━━━ Dataset excerpt

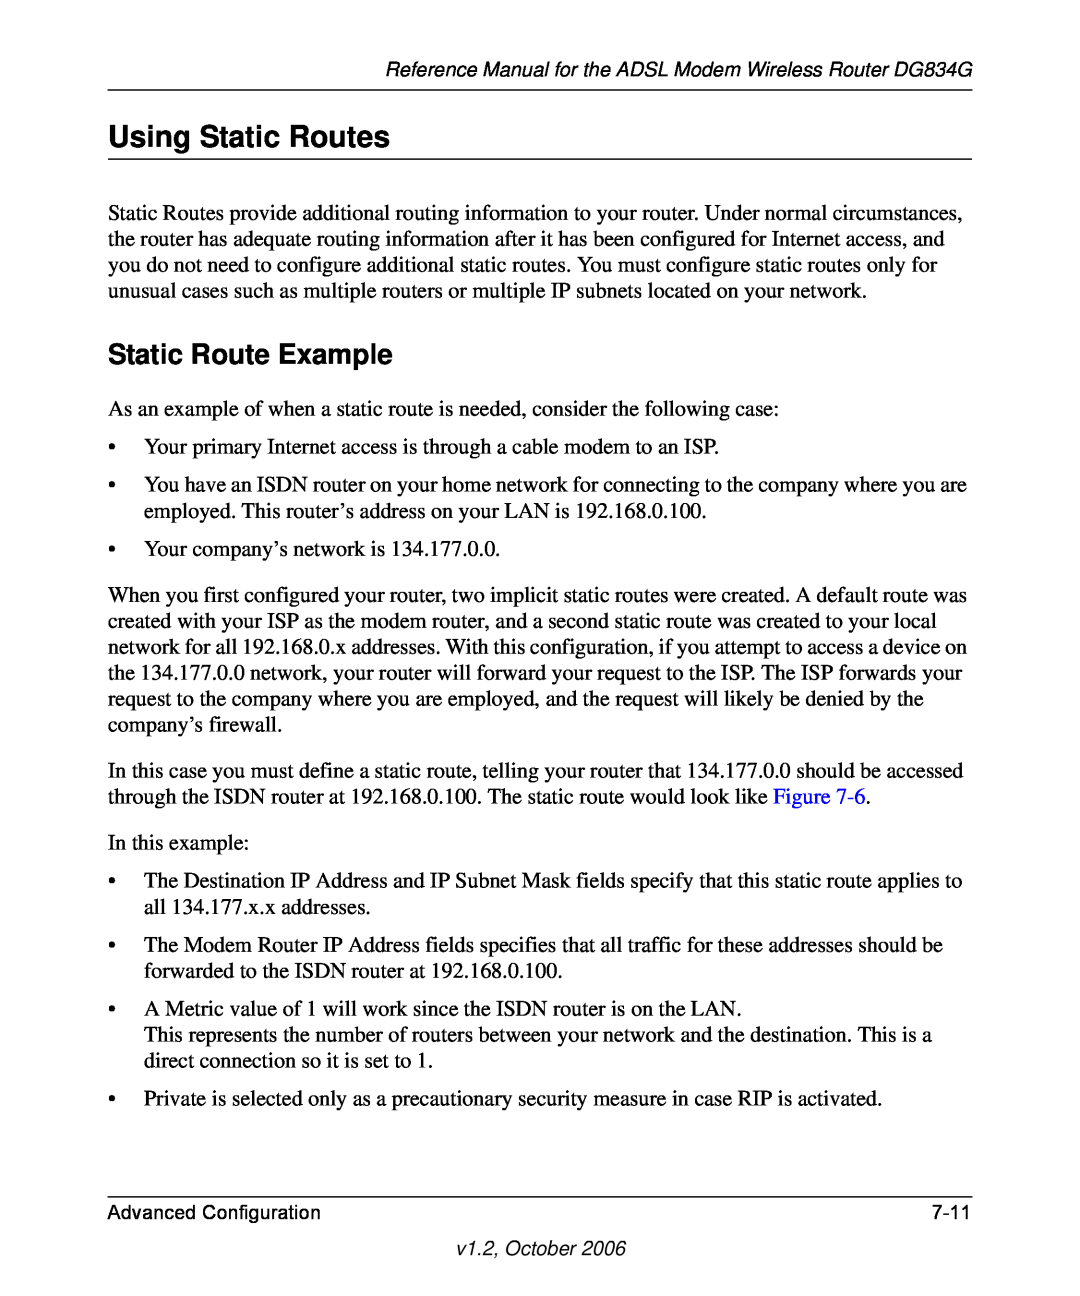 NETGEAR DG834G manual Using Static Routes, Static Route Example 
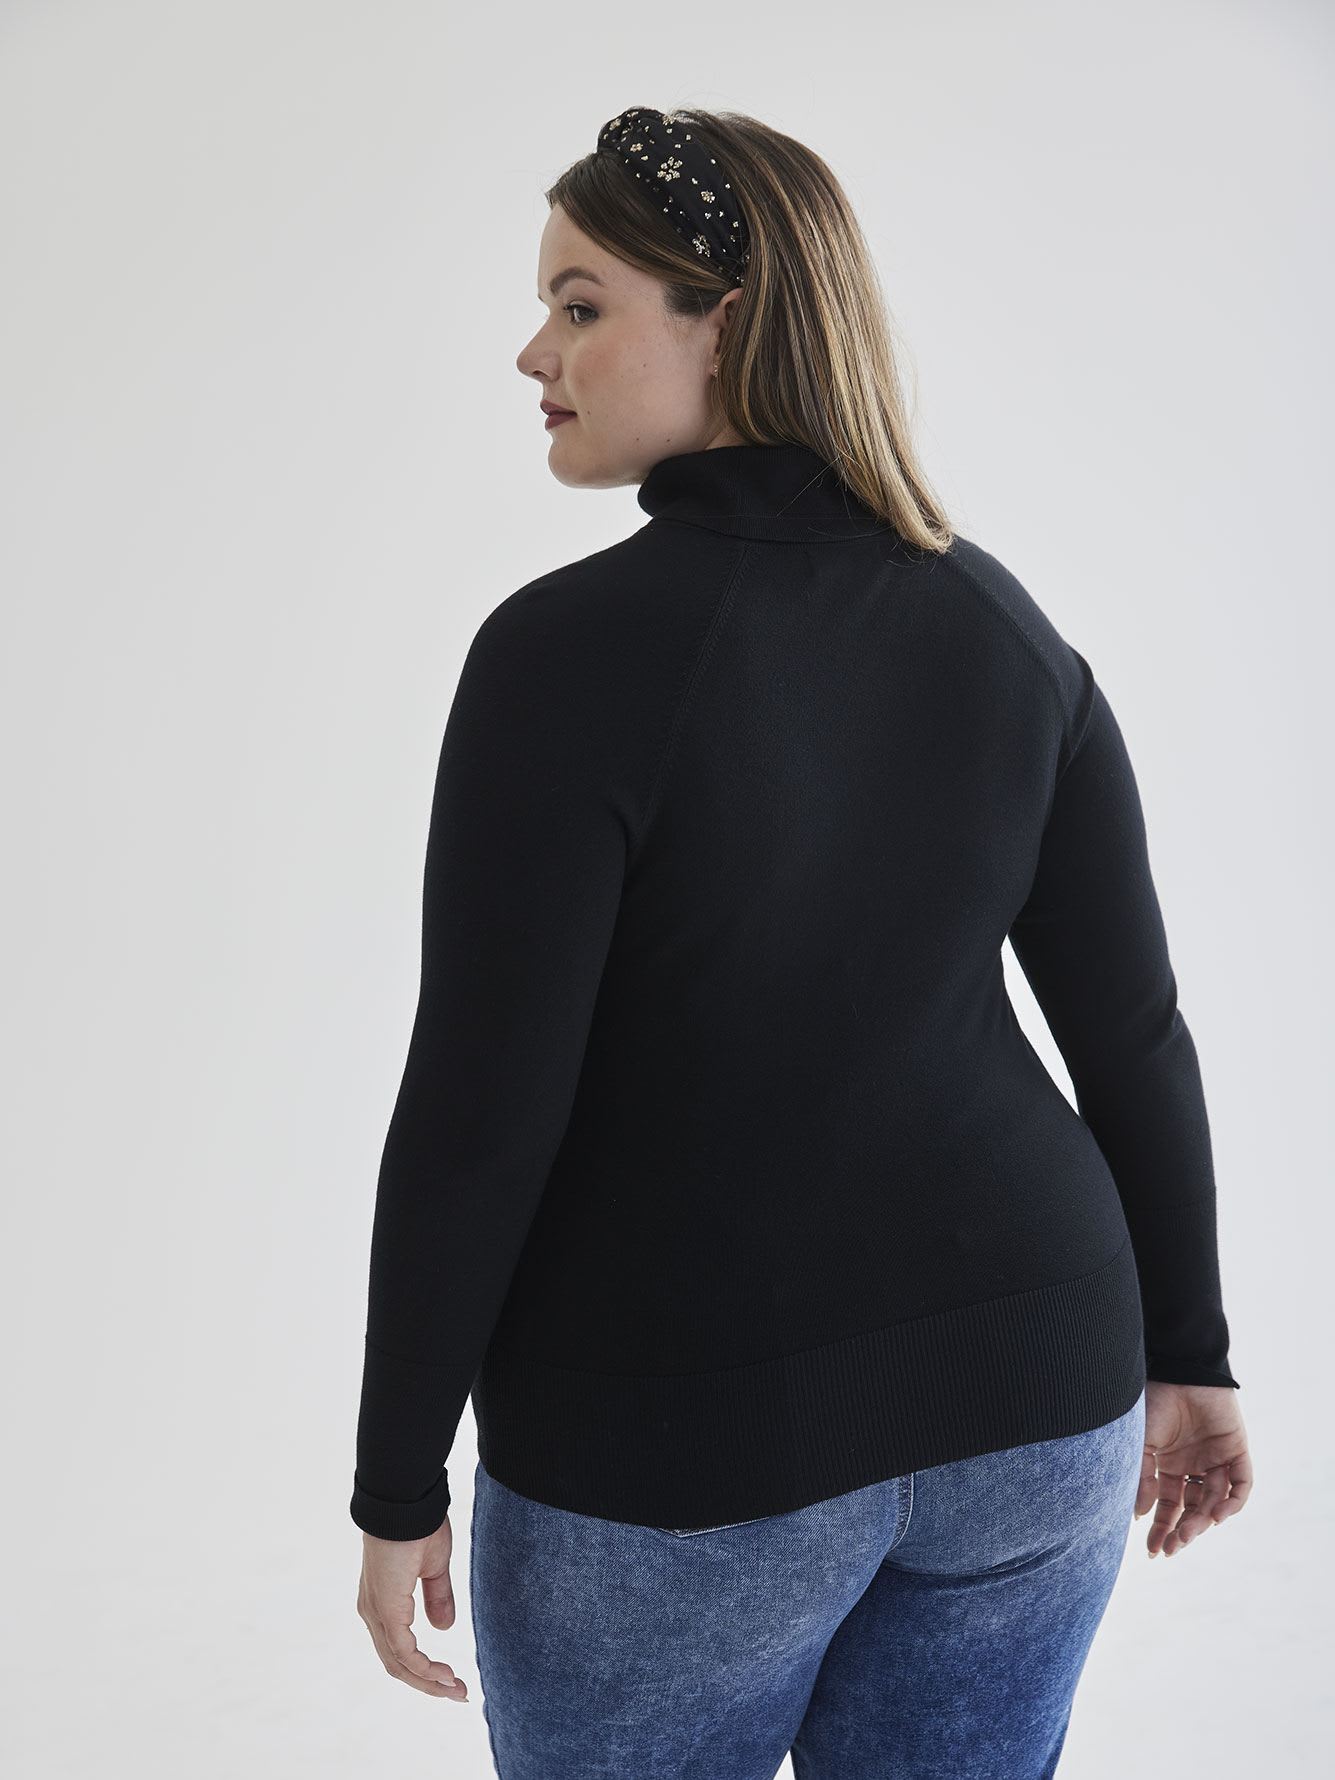 Turtle Neck Sweater with Sweetheart Cutout Neckline - Addition Elle
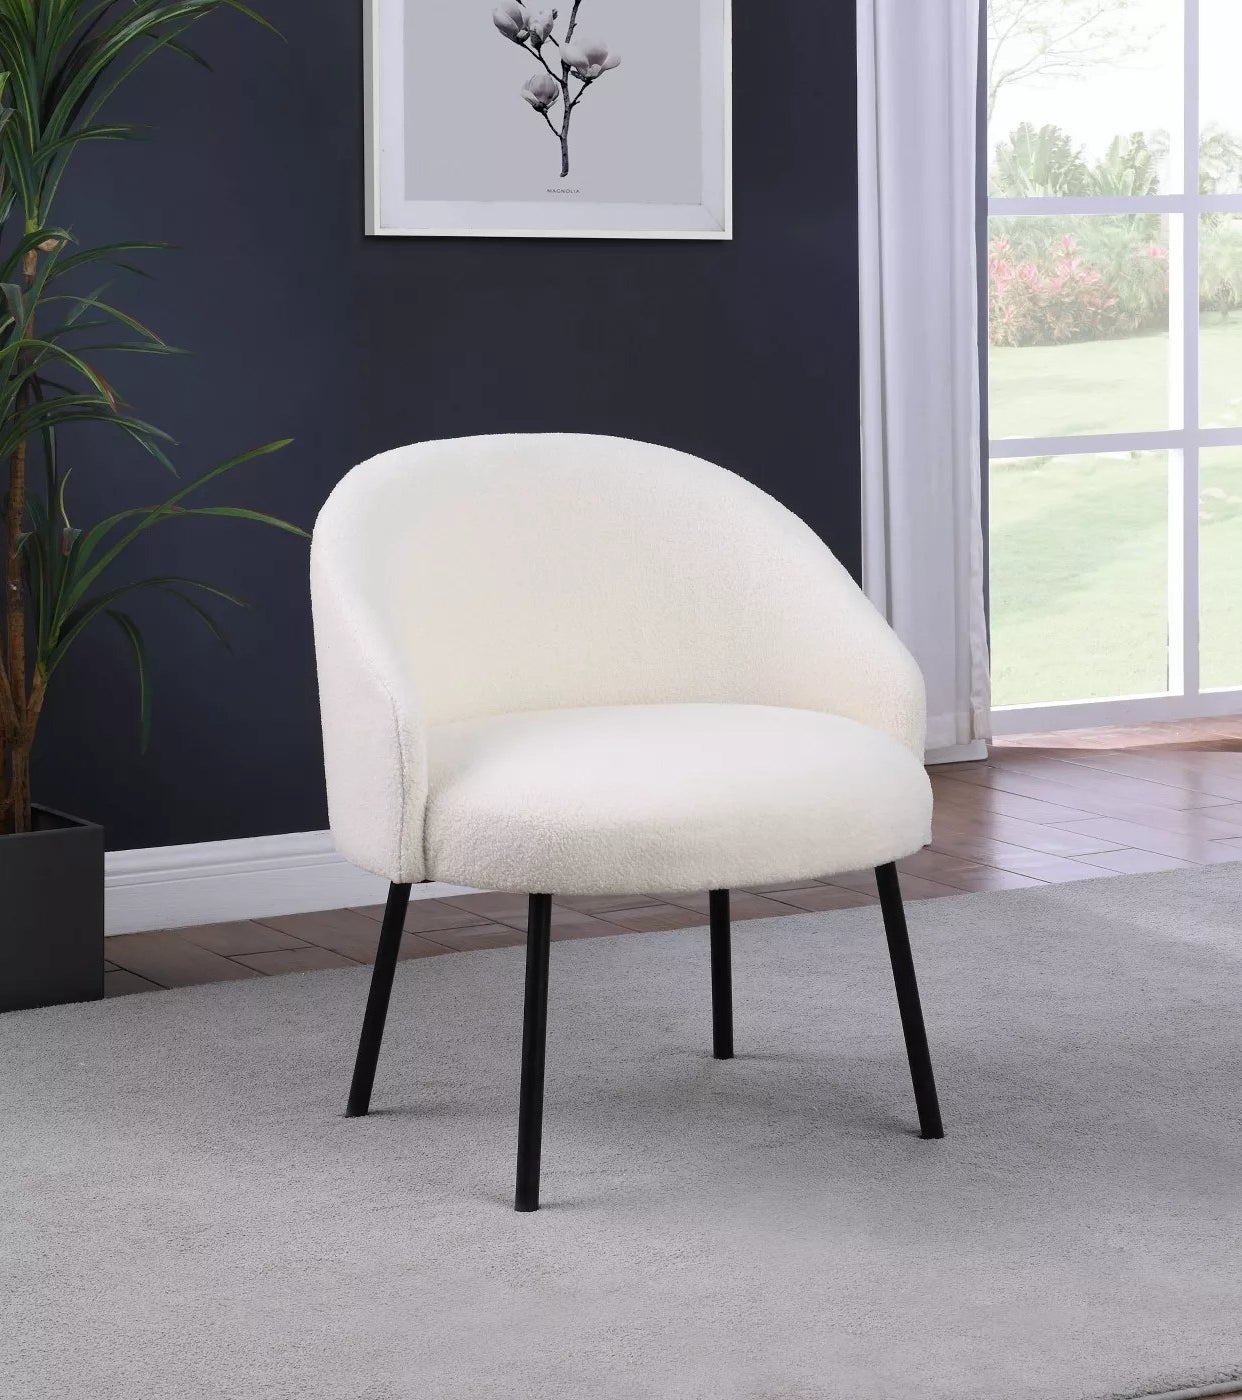 The white chair with black legs

━━━━━━

Aim of the exercise: Set the entire listing down again, exact in every line, without any pictures.

Task response:
 NETGEAR DG834G manual Using Static Routes, Static Route Example 
 Turtle Neck Sweater with Sweetheart Cutout Neckline - Addition Elle
 The white chair with black legs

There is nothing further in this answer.